You then move from thinking to talking by discreetly and calmly describing the gap. This is the first time you’re exposing yourself to any risk whatsoever. But you’re doing your best to describe behaviors, not share ugly conclusions. You’re a scientist, not a critic or judge. This humanistic approach helps keep the conversation professional and objective.

Now, after sharing one sentence or possibly two, you end with a question, not an accusation. You’re not three sentences into the conversation, and you’ve paused to listen to the other person. This too minimizes the risk. You’ve observed some things, and you’re wondering what’s really going on. What’s the other person’s view?

What if the other person takes offense or maybe even becomes angry and abusive? You can stop and deal with the new problem, or if you’re feeling befuddled, you can always take a strategic delay. Back off and take time to rethink your approach. This is a conversation, not a gauntlet. It has exit points.

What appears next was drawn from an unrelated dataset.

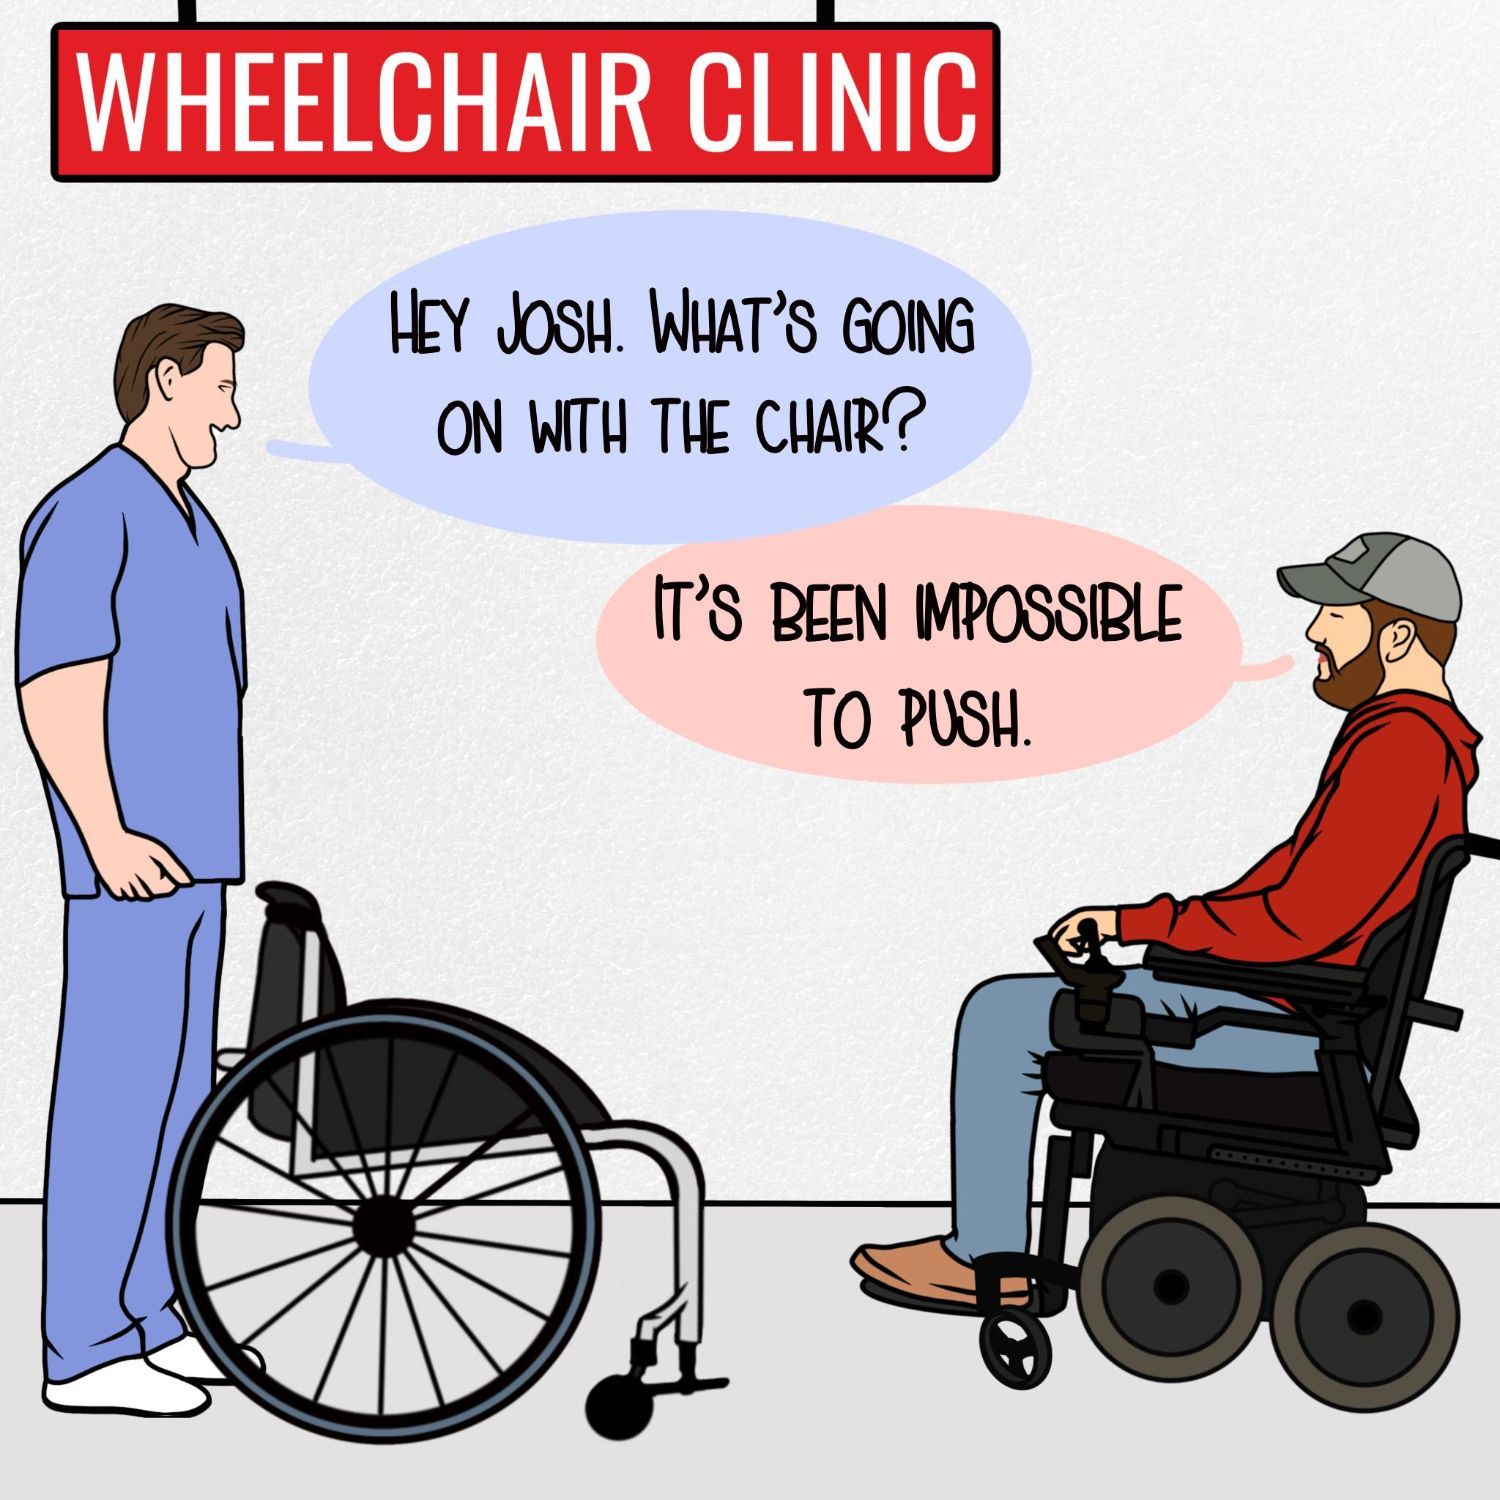 Image prescription: a sign that's his wheelchair clinic hanging over hey therapist in behind a manual chair yes says to the wheelchair user

Let’s say the other person responds favorably. He or she doesn’t explode or become offended, but merely explains what’s happening. He or she is either unable or unmotivated to keep the broken commitment. Or maybe both. That’s it.

Consider motivation. This isn’t particularly dangerous either. You’re not trying to motivate others. You’re not trying to figure out how to generate enough power to force others to comply. Best of all, you’re not trying to change underlying, immutable personalities. Your job is simply to make it motivating.

To do this, you jointly explore the forces that cause the task to be motivating or not motivating. This requires you to do nothing more than share natural consequences and listen for the other person to share any additional consequences you may not be aware of. You don’t have to pummel people into submission. You may even choose to back off from your original request if it becomes clear that continuing on the original course doesn’t make sense. You too can be influenced. When it comes to motivation, you’re relying on dialogue, not diatribe.